Information provided:
----------

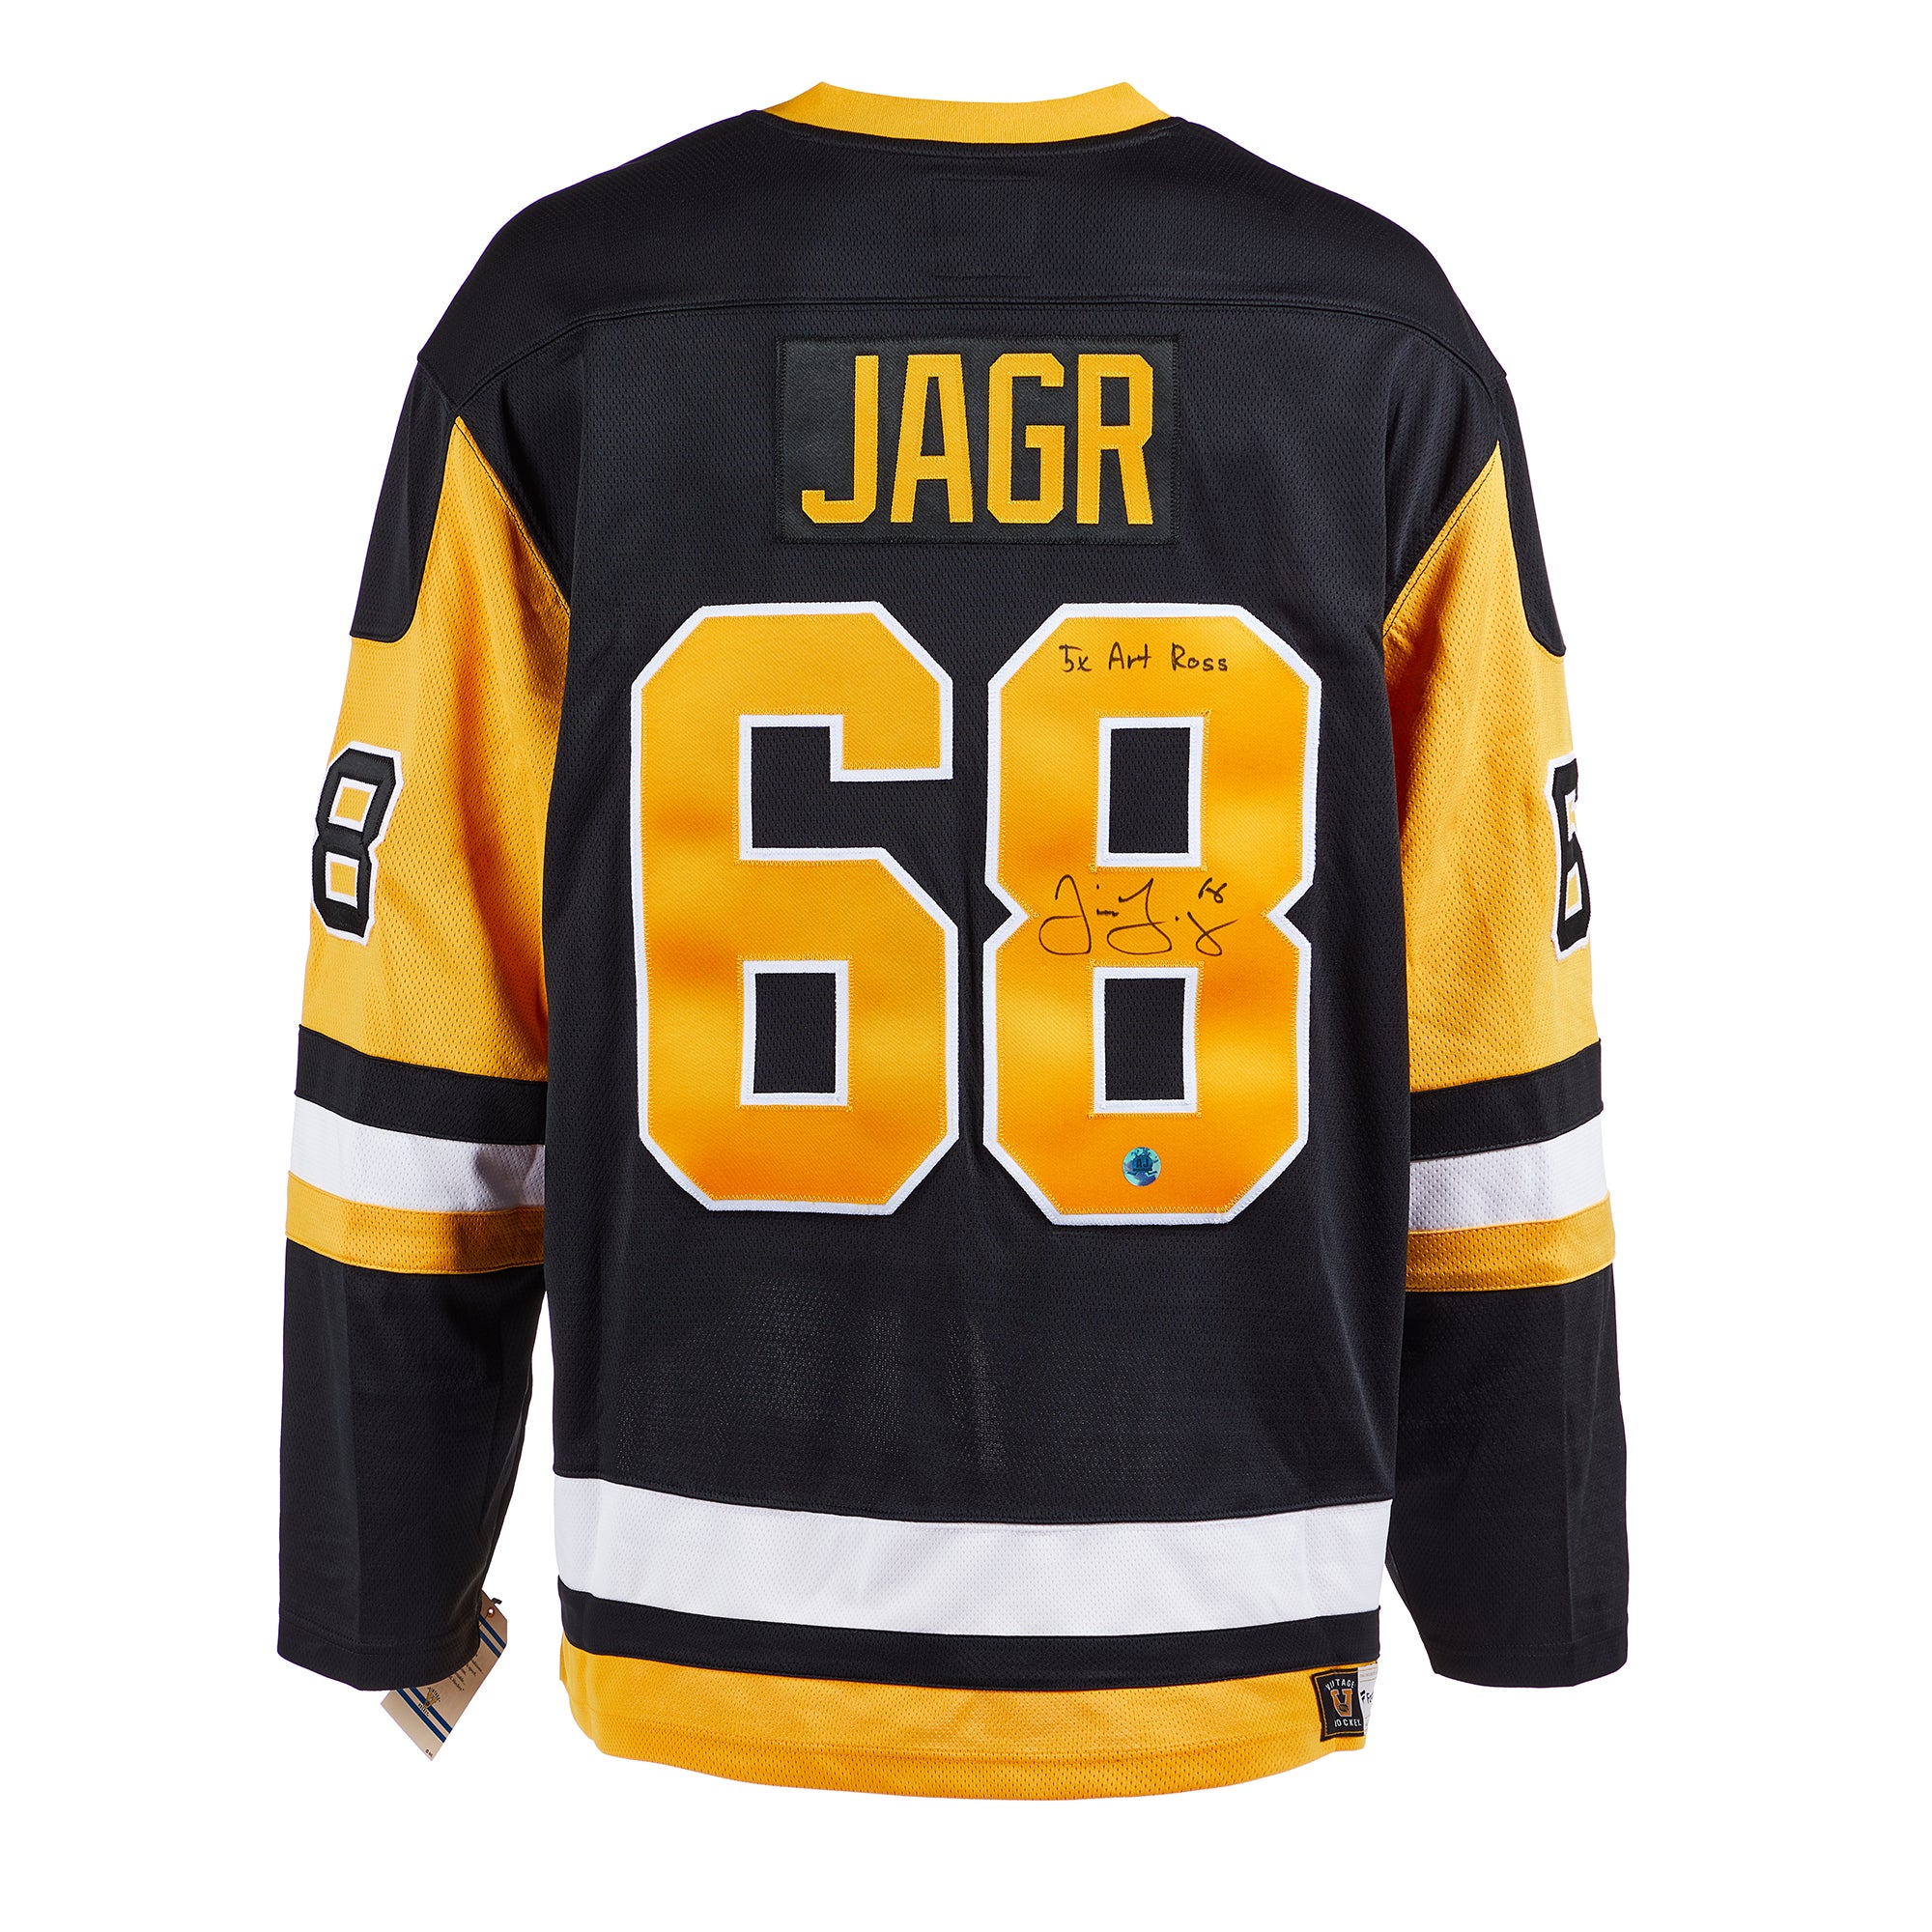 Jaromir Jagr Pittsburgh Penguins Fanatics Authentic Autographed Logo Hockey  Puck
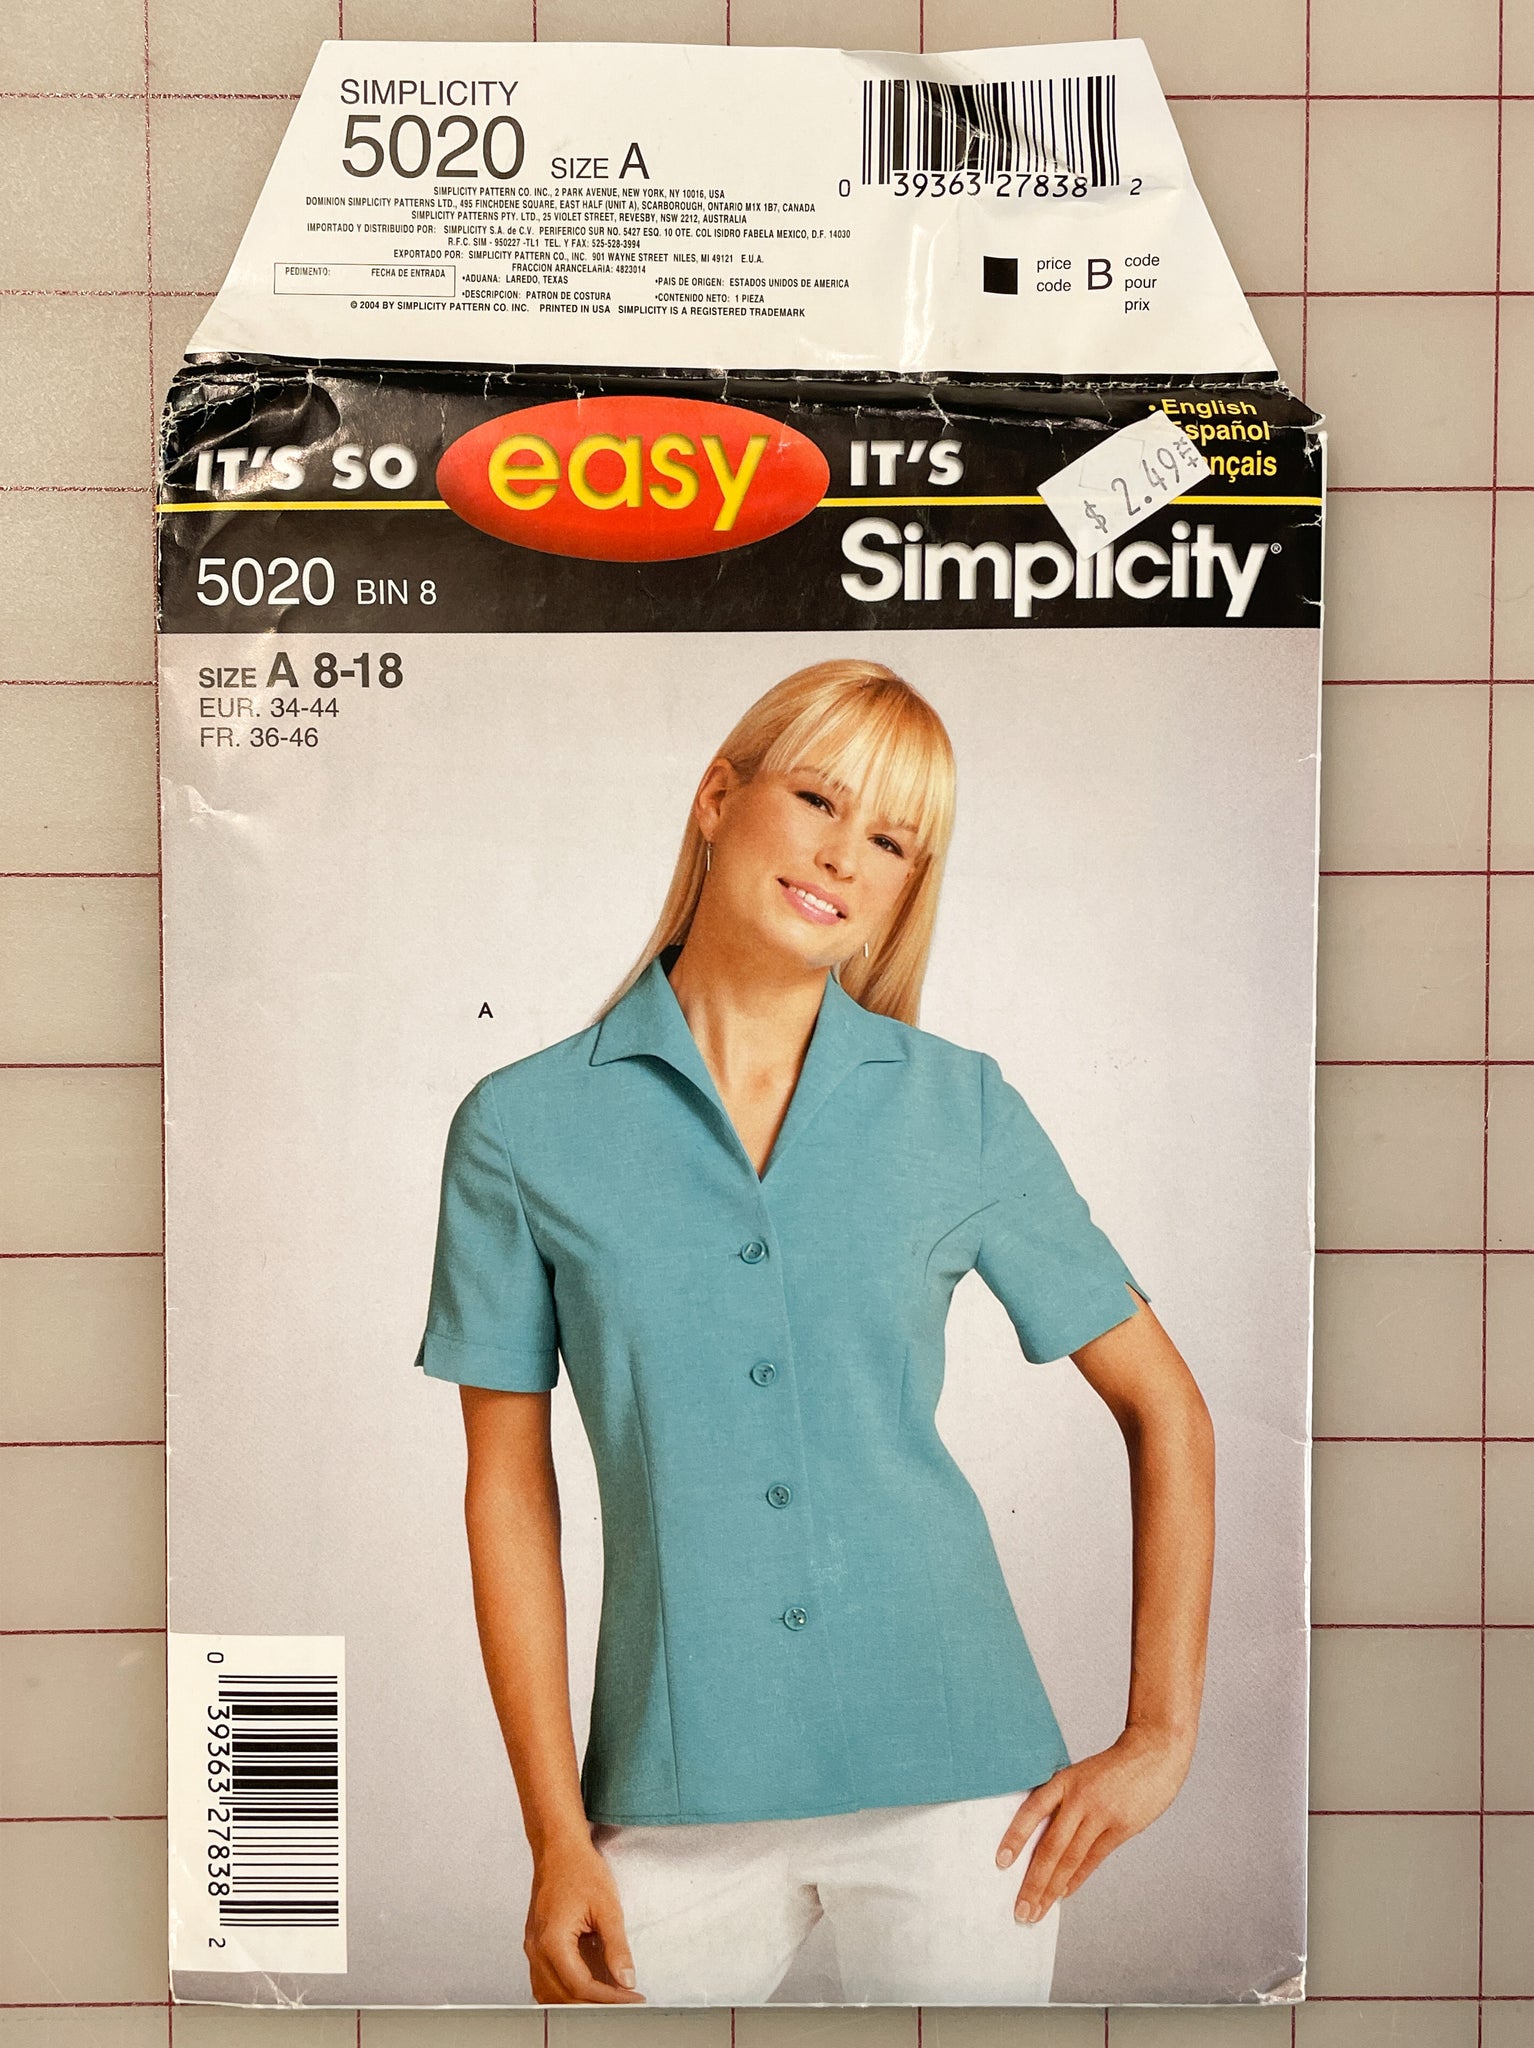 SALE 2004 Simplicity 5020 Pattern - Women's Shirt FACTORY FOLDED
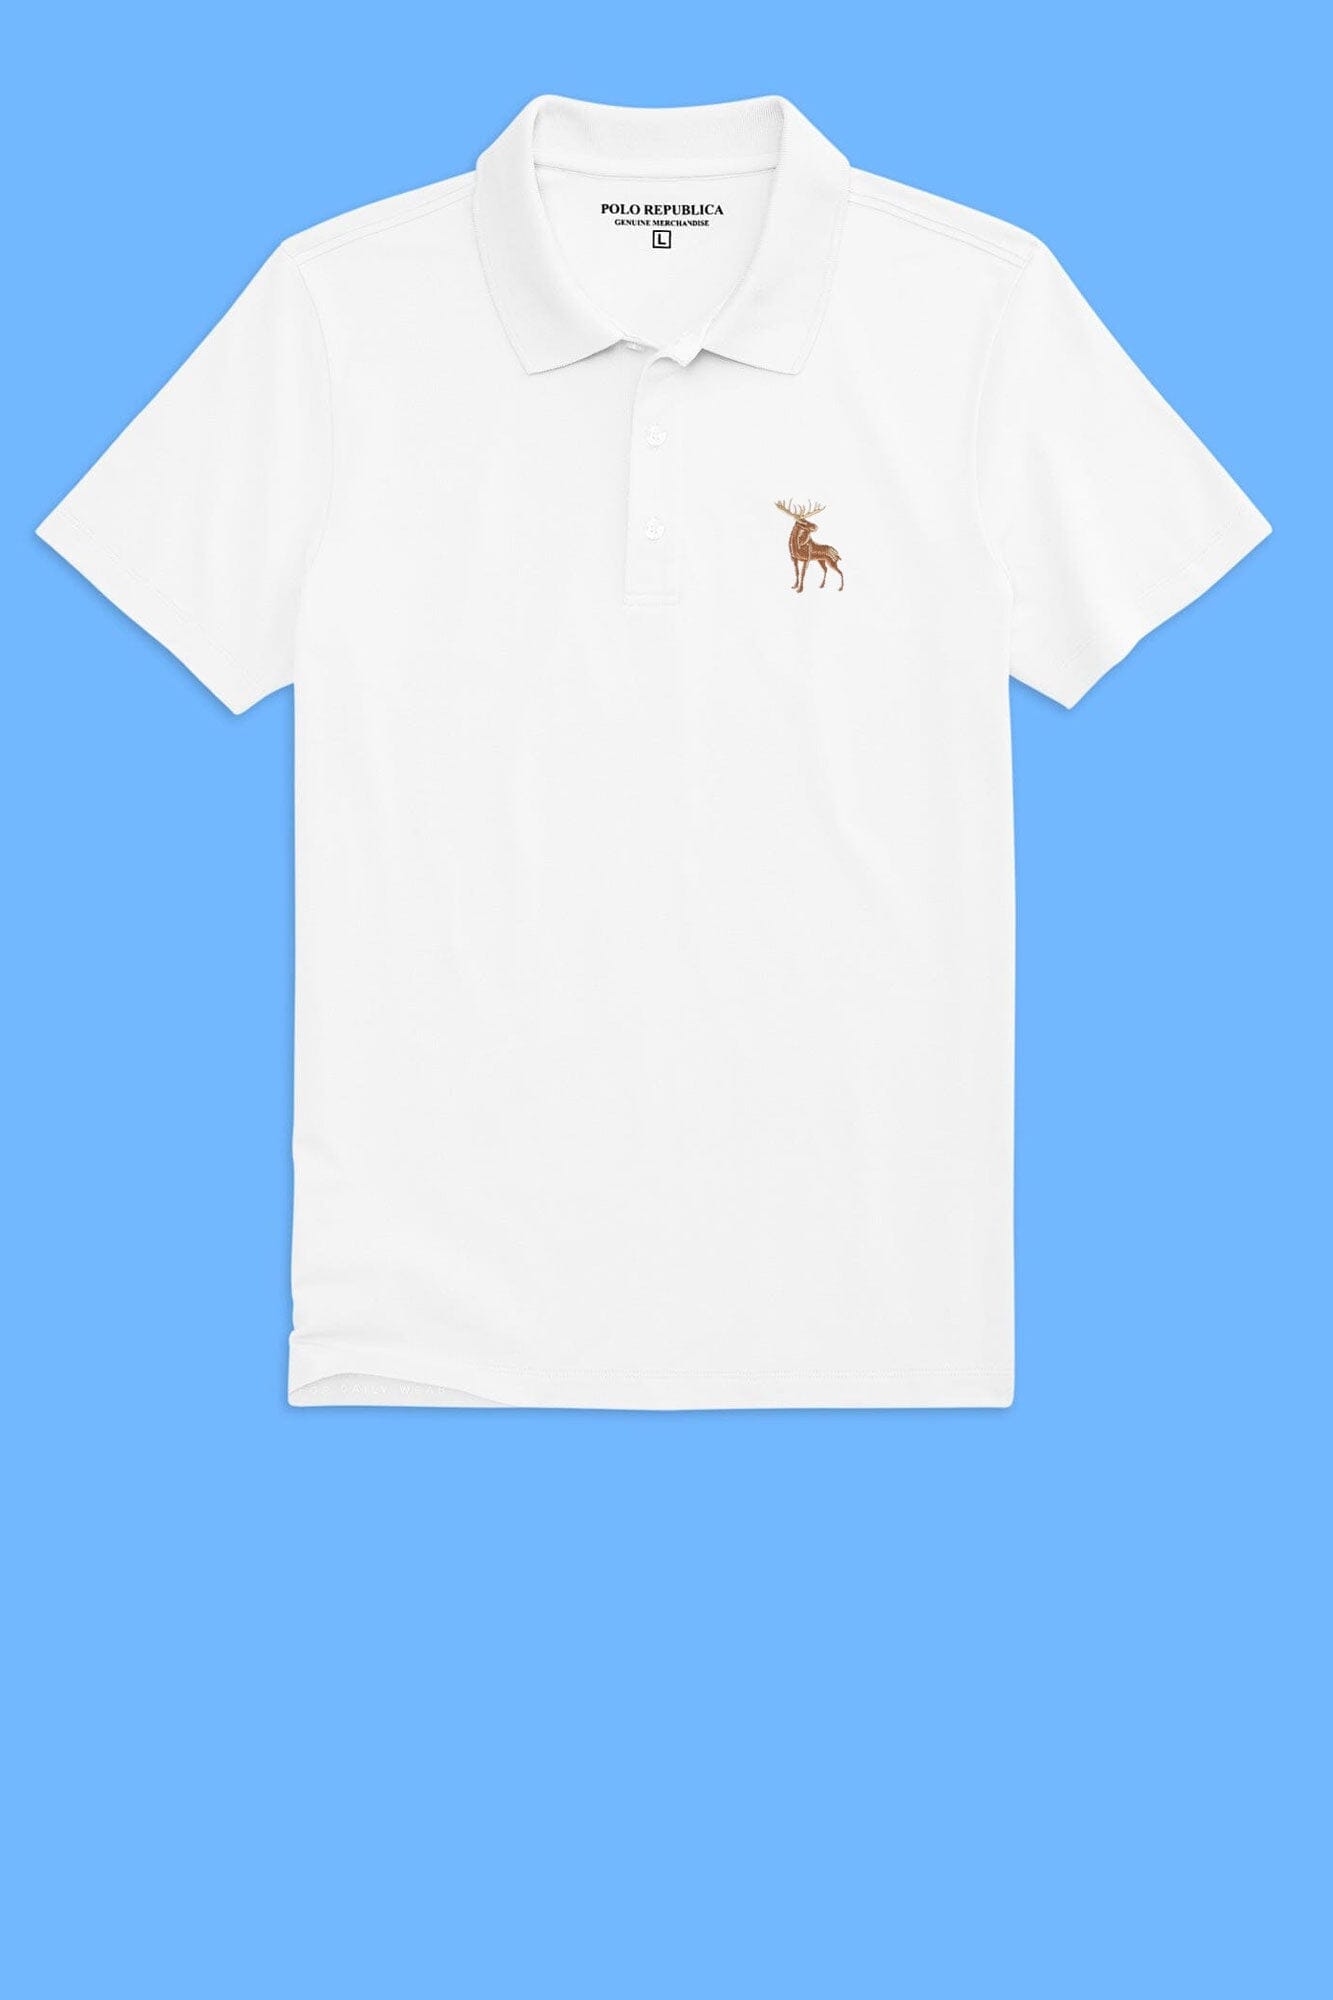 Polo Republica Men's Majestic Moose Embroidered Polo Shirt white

----------

What the exercise asks: Begin at the line that contains "SALE 2004 Simplicity" and transcribe every line through the end of the listing, exactly as written. Omit the pictures.

Solution:
 SALE 2004 Simplicity 5020 Pattern - Women's Shirt FACTORY FOLDED
 Polo Republica Men's Majestic Moose Embroidered Polo Shirt white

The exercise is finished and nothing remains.